* **Activity**: Return an exact copy of the lines from the one holding "Tetování Jordan Pundik s jeho podpisem" to the end of the data, including both the starting and final lines. Leave the pictures out.

* **Supplied data**:
[Start of section]
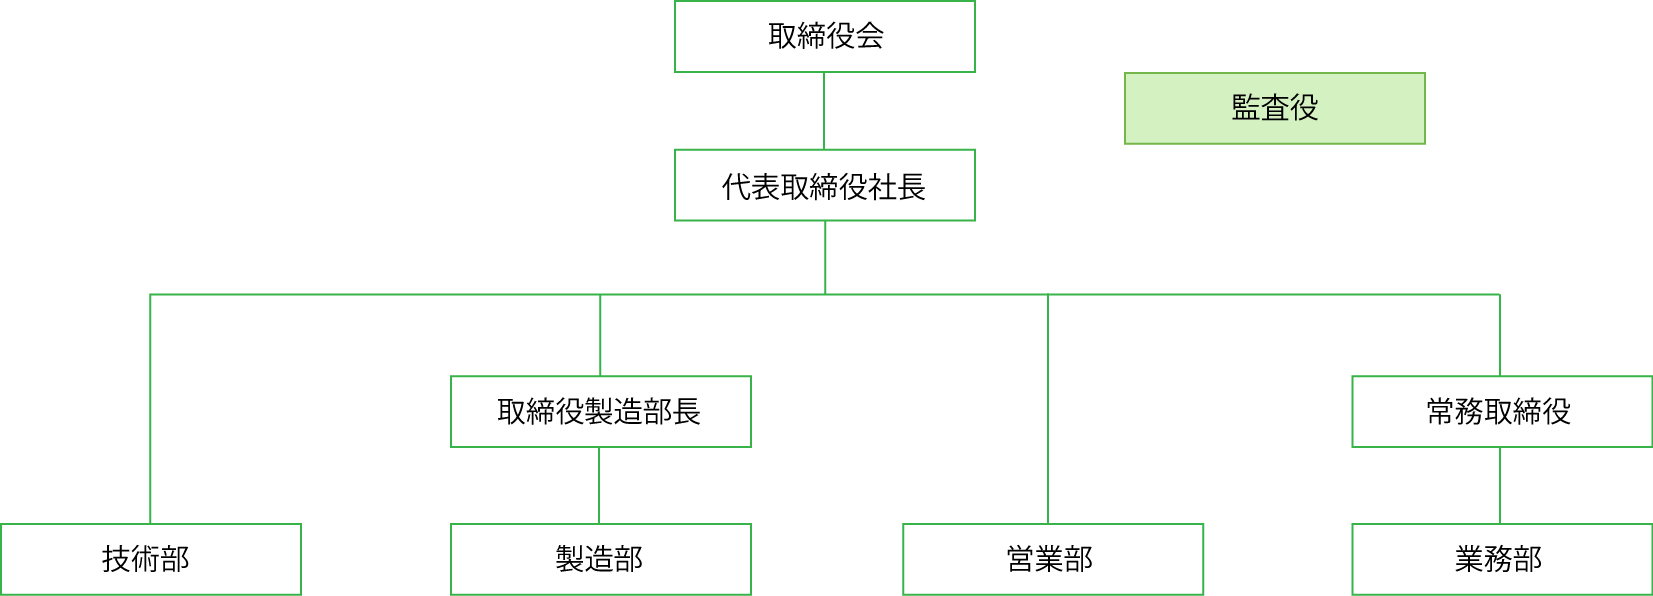 日本シードテクノ会社組織図
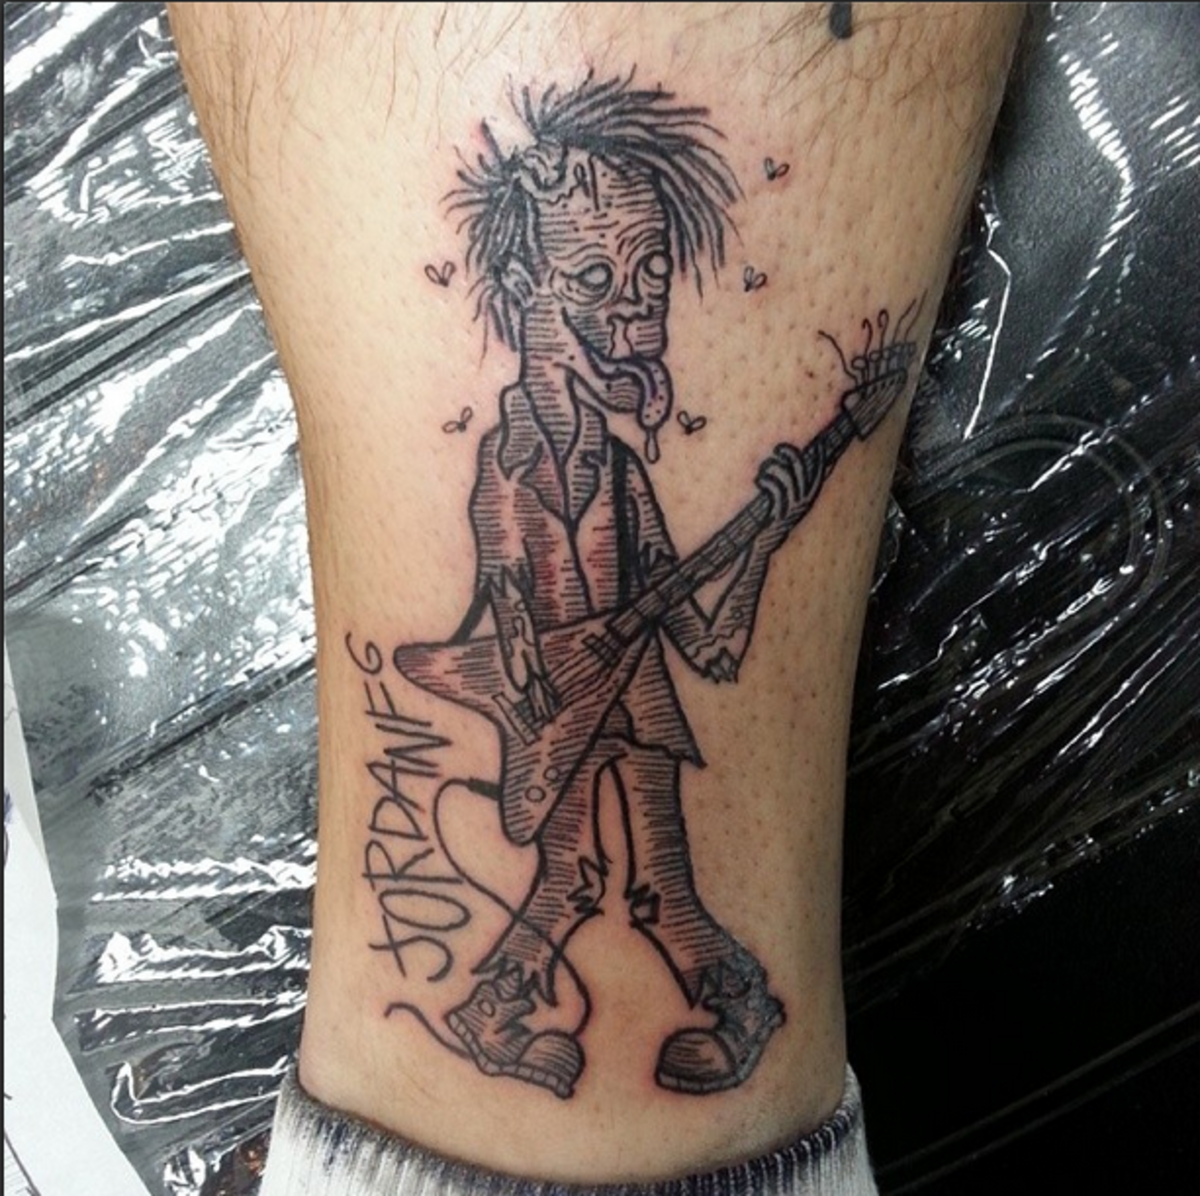 Tetování Jordan Pundik s jeho podpisem
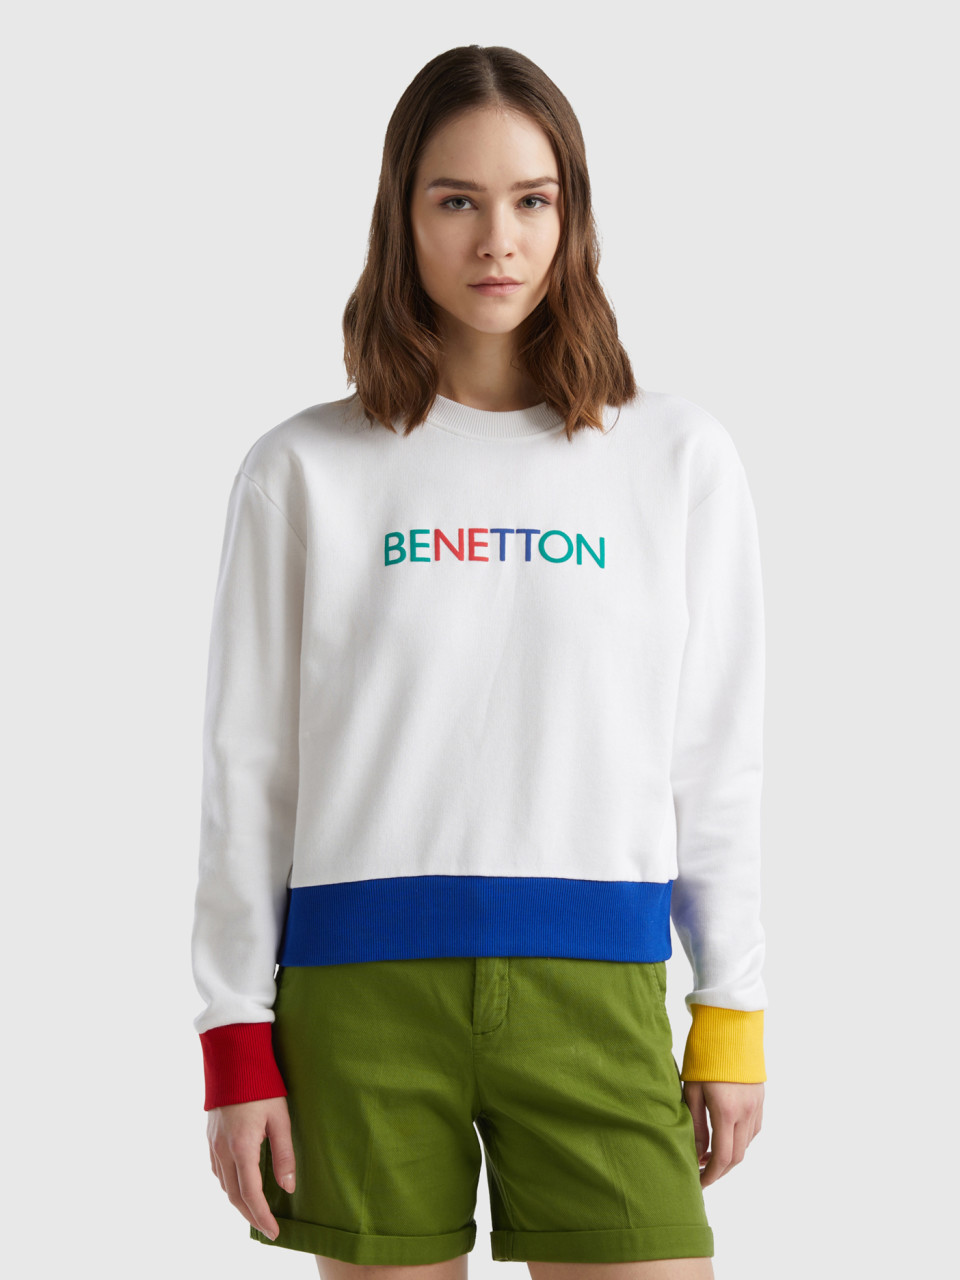 Benetton, Felpa 100% Cotone Con Stampa Logo, Bianco, Donna
[End of section]
* **Exercise solution**:
 Tetování Jordan Pundik s jeho podpisem
 Benetton, Felpa 100% Cotone Con Stampa Logo, Bianco, Donna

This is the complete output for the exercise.